1. Identifying the types of data that the robotics software system will need to manipulate. This may include data about the robot’s state, such as its position and orientation, as well as data from its sensors and actuators, such as camera images and motor commands.
2. Choosing a modeling language that is suitable for representing the data model. The Eclipse Modeling Framework (EMF) is a popular modeling language for defining data models and provides a range of tools and libraries for working with the data model in a software development environment.
3. Defining the data model using the chosen modeling language. This may involve defining classes and attributes to represent the different types of data, as well as relationships between the data to capture the dependencies and constraints that exist between them.
4. Generating diagrams and other visual elements to represent the data model in a clear and understandable way. EMF provides tools for generating diagrams that show the structure and relationships of the data model, which can be useful for communicating the data model to stakeholders and other members of the development team.
5. Reviewing and refining the data model as needed. This may involve consulting with stakeholders and other members of the development team to ensure that the data model accurately reflects the requirements and functionality of the robotics software system. It may also involve updating the data model as the development process progresses and the software system evolves.

After the data model(including PIM and PSM) are well-structures, we will :

1. Configure the chosen model-driven development tool, such as the Eclipse Modeling Framework (EMF) or the Model Driven Architecture Development Environment (MDA-DE). These tools typically support multiple programming languages, including C++, and provide the necessary tools and libraries for working with high-level data models and generating the code for the software system.
2. Import the high-level and data models into the development tool. This will allow you to access and manipulate the models within the development environment.
3. Configure the code generation settings for the development tool. This may involve specifying that the code will be generated in C++, the location where the generated code will be stored, and any custom options or settings that are specific to the chosen development tool.
4. Generate the code for the robotics software system from the high-level and data models. The development tool will use the models to generate the necessary C++ code for the software system, including classes for representing the robot and its components, as well as methods for manipulating the data and controlling the robot.
5. Review the generated code to ensure that it is correct and complete. The generated code may require some manual modifications or additions to implement any custom functionality or features that are not covered by the models.
6. Integrate the generated code into the rest of the robotics software system. This may involve importing the generated code into the development environment, linking it with any custom C++ code that has been written, and testing and debugging the resulting software system.

Then for custom codes, we can:

1. Identify the specific functionality or features that need to be implemented. This may include the core algorithms and control logic for the robotics software system, as well as user interfaces and other user-facing features.
2. Choose a programming language and development environment that are suitable for implementing the custom code. This may involve considering factors such as the performance and scalability requirements of the software system, the availability of libraries and frameworks that support the chosen language, and the preferences and expertise of the development team.
3. Write the custom code to implement the desired functionality or features. This may involve creating new classes and methods, as well as modifying or extending the generated code to integrate the custom code with the rest of the software system.
4. Test and debug the custom code to ensure that it functions as expected. This may involve running the software system in a simulation or on a physical robot and using tools such as debuggers and profilers to identify and fix any issues with the code.
5. Integrate the custom code with the rest of the robotics software system. This may involve importing the custom code into the development environment, linking it with the generated code and any other custom code that has been written, and testing and debugging the resulting software system.
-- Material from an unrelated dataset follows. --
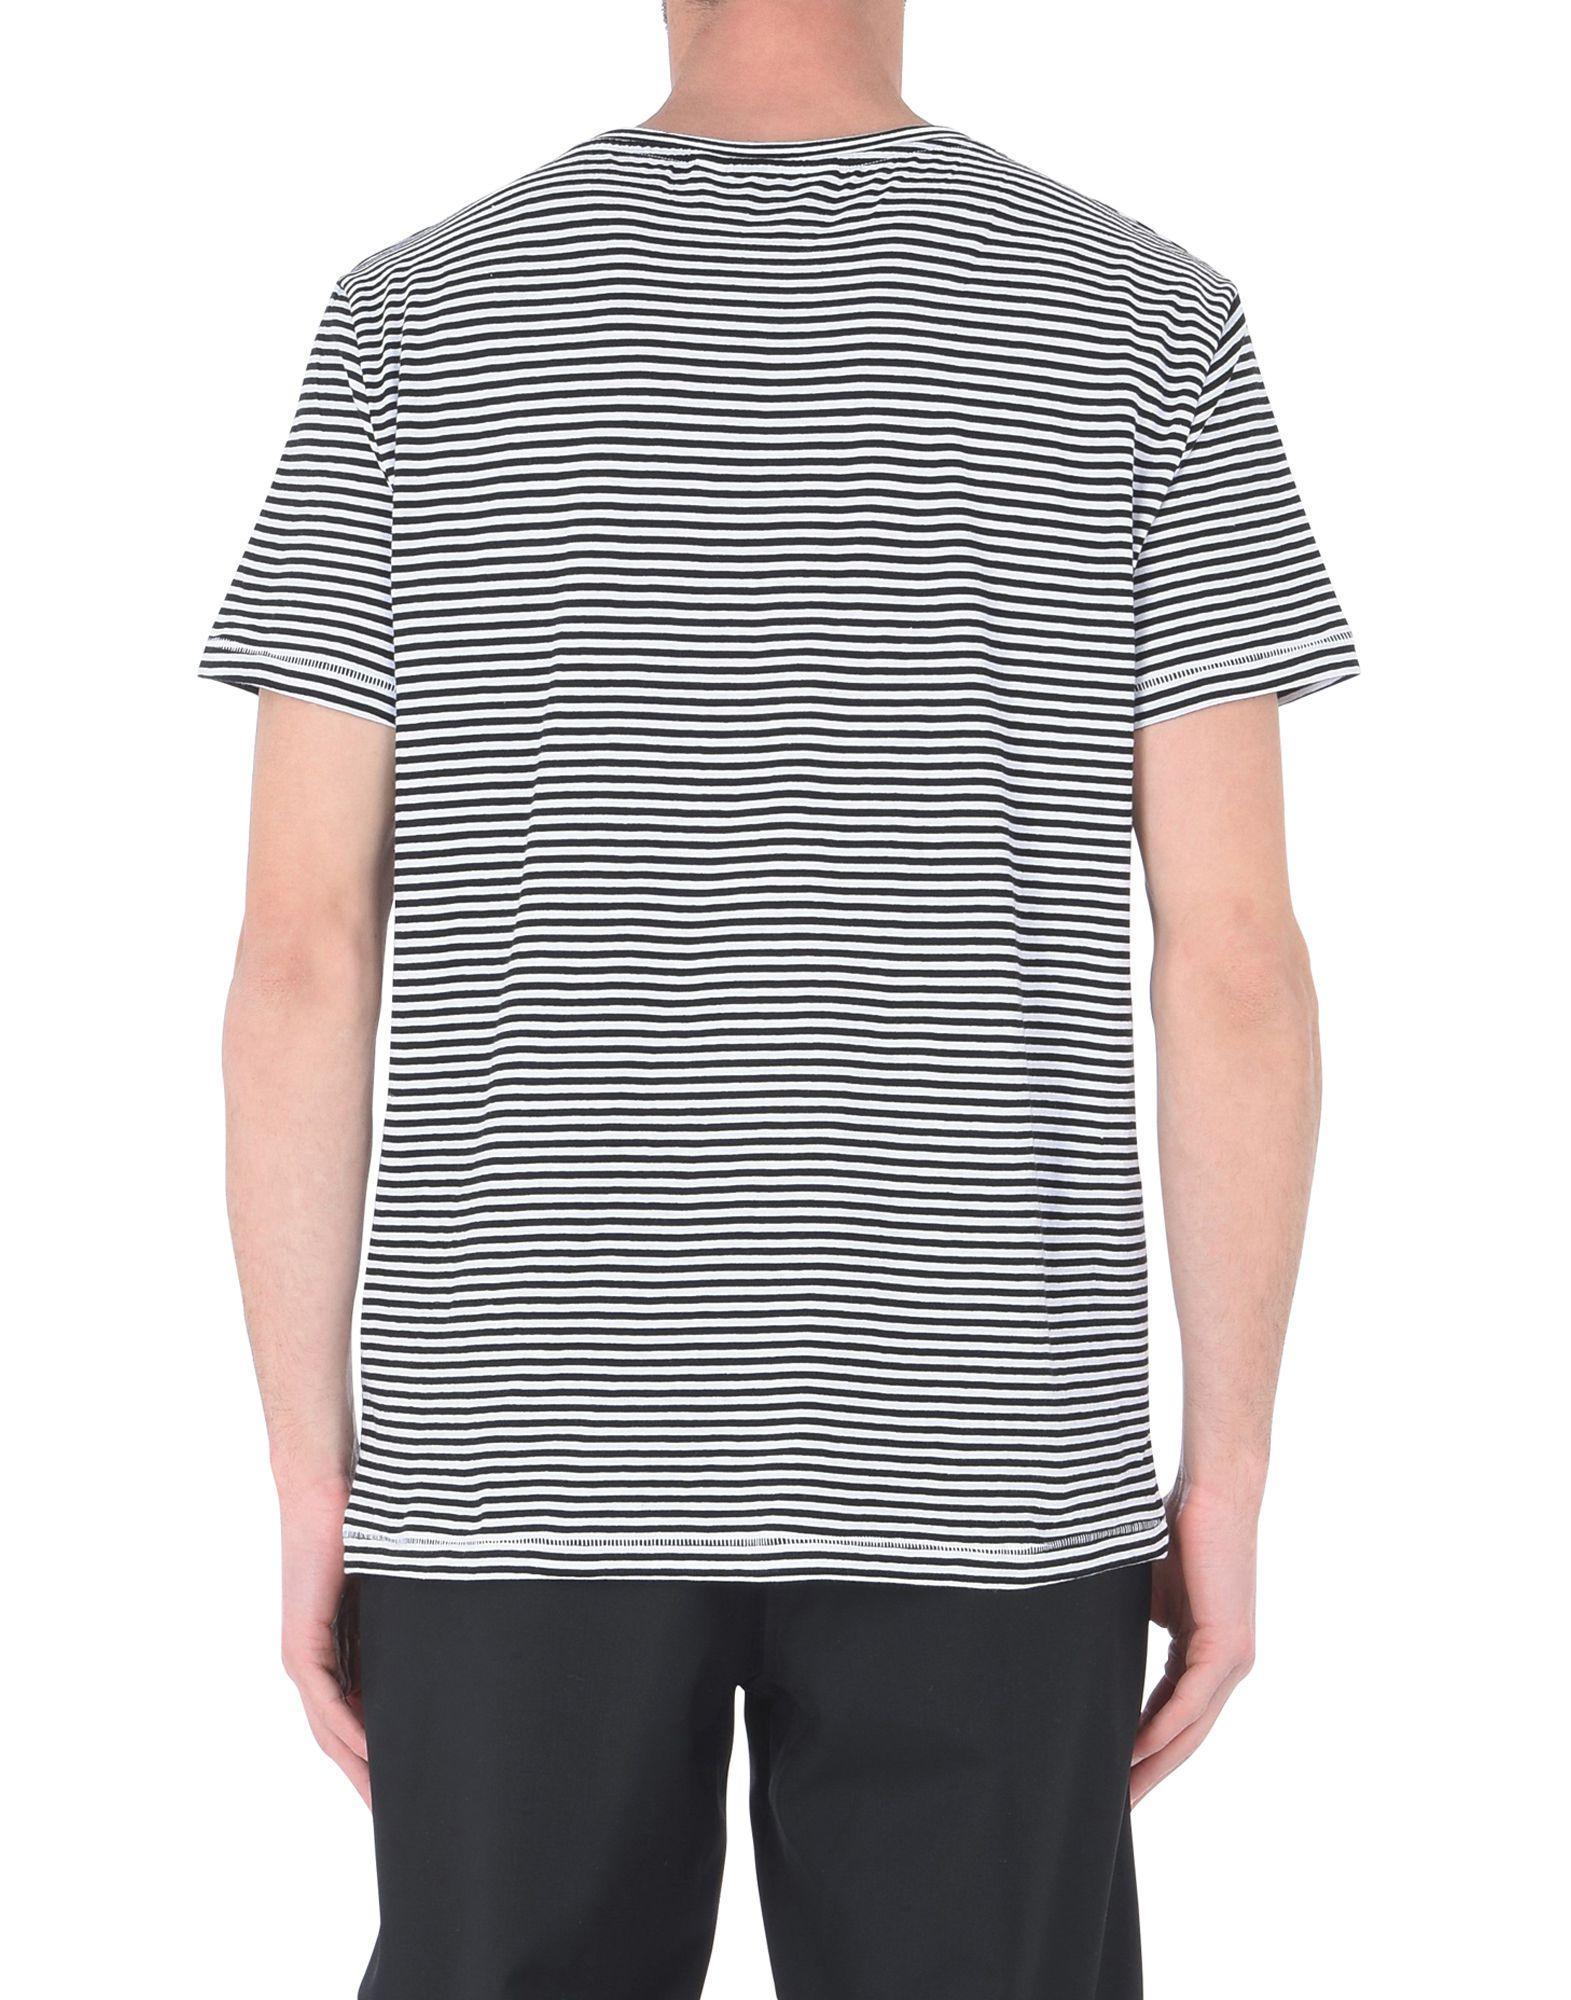 T-Shirt Eleven Paris Naris M - Uomo - 12178290IX 12178290IX 12178290IX 613e57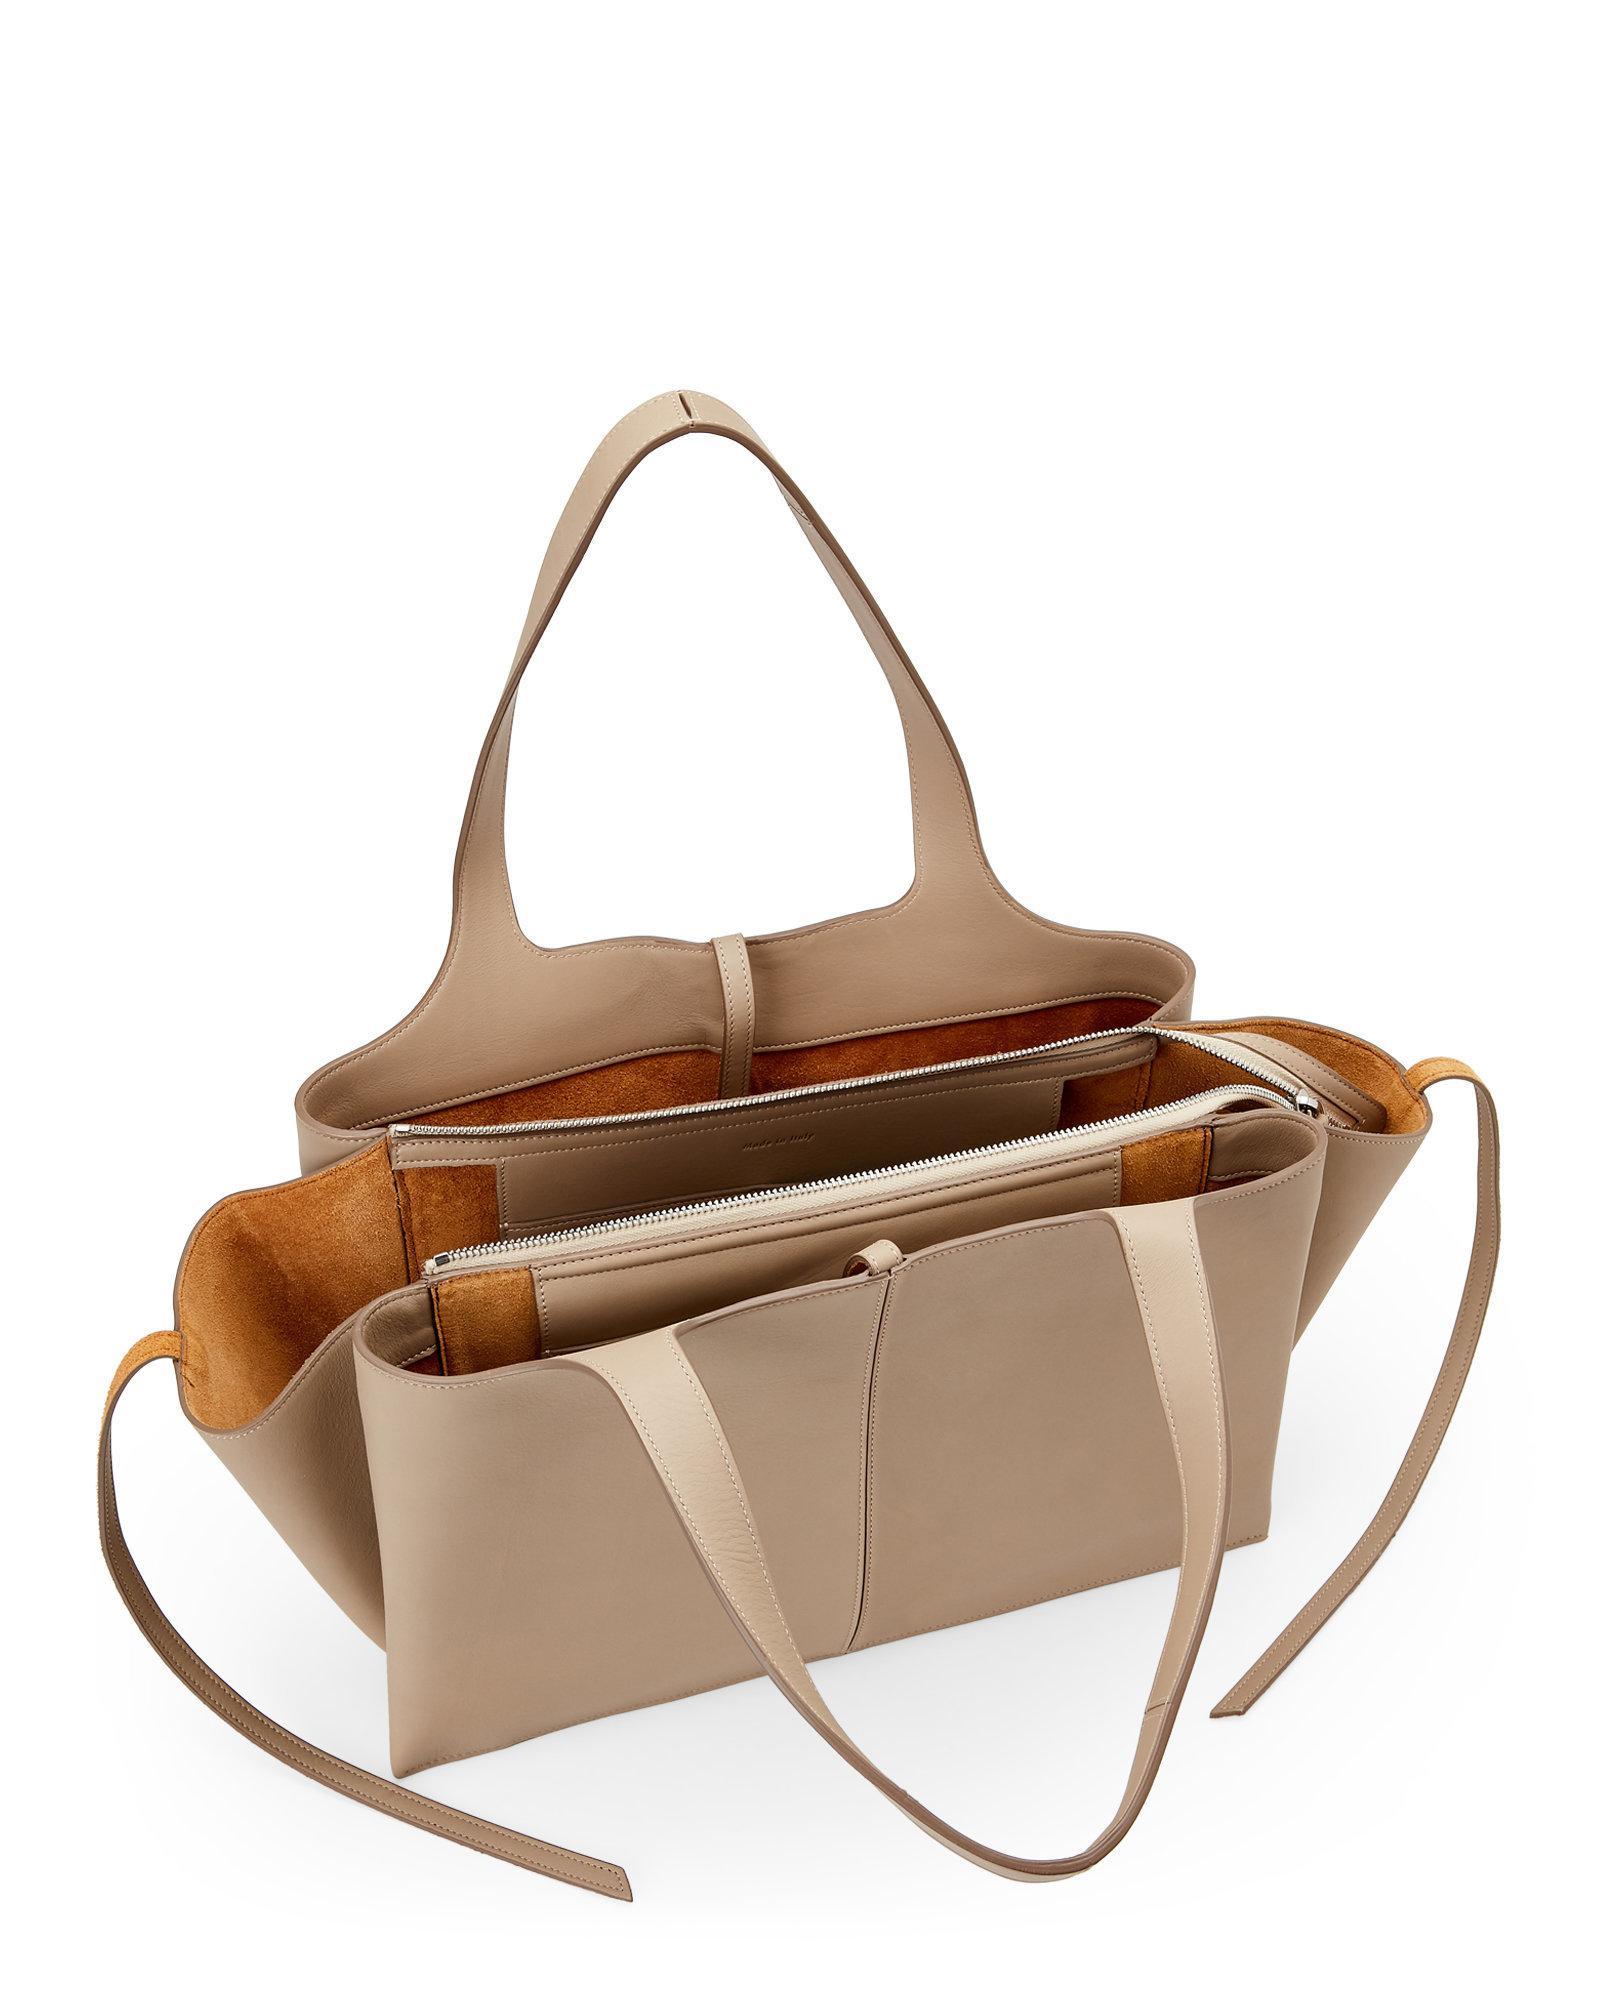 25f62fd49982 Lyst - Céline Pale Beige Medium Tri-Fold Shoulder Bag in Natural

Testing and validation is a critical step in the development process for a robotics software system and can help to ensure that the software system is robust, reliable, and capable of meeting the requirements of the robot and its operating environment. To fully test the simulator, we can:

1. Identify the specific requirements and functionality that the robotics software system needs to meet. This may include the tasks that the robot is expected to perform, the operating environment in which it will be deployed, and any performance or reliability requirements that the software system needs to satisfy.
2. Develop a comprehensive testing plan that covers all of the requirements and functionality of the robotics software system. This plan may include a range of different test cases, including unit tests that focus on specific components or features of the software system, and integration tests that evaluate the overall performance and functionality of the system.
3. Create test data and test scenarios that will be used to evaluate the robotics software system. This may involve simulating the robot’s environment and tasks, as well as using real-world data from sensors and actuators.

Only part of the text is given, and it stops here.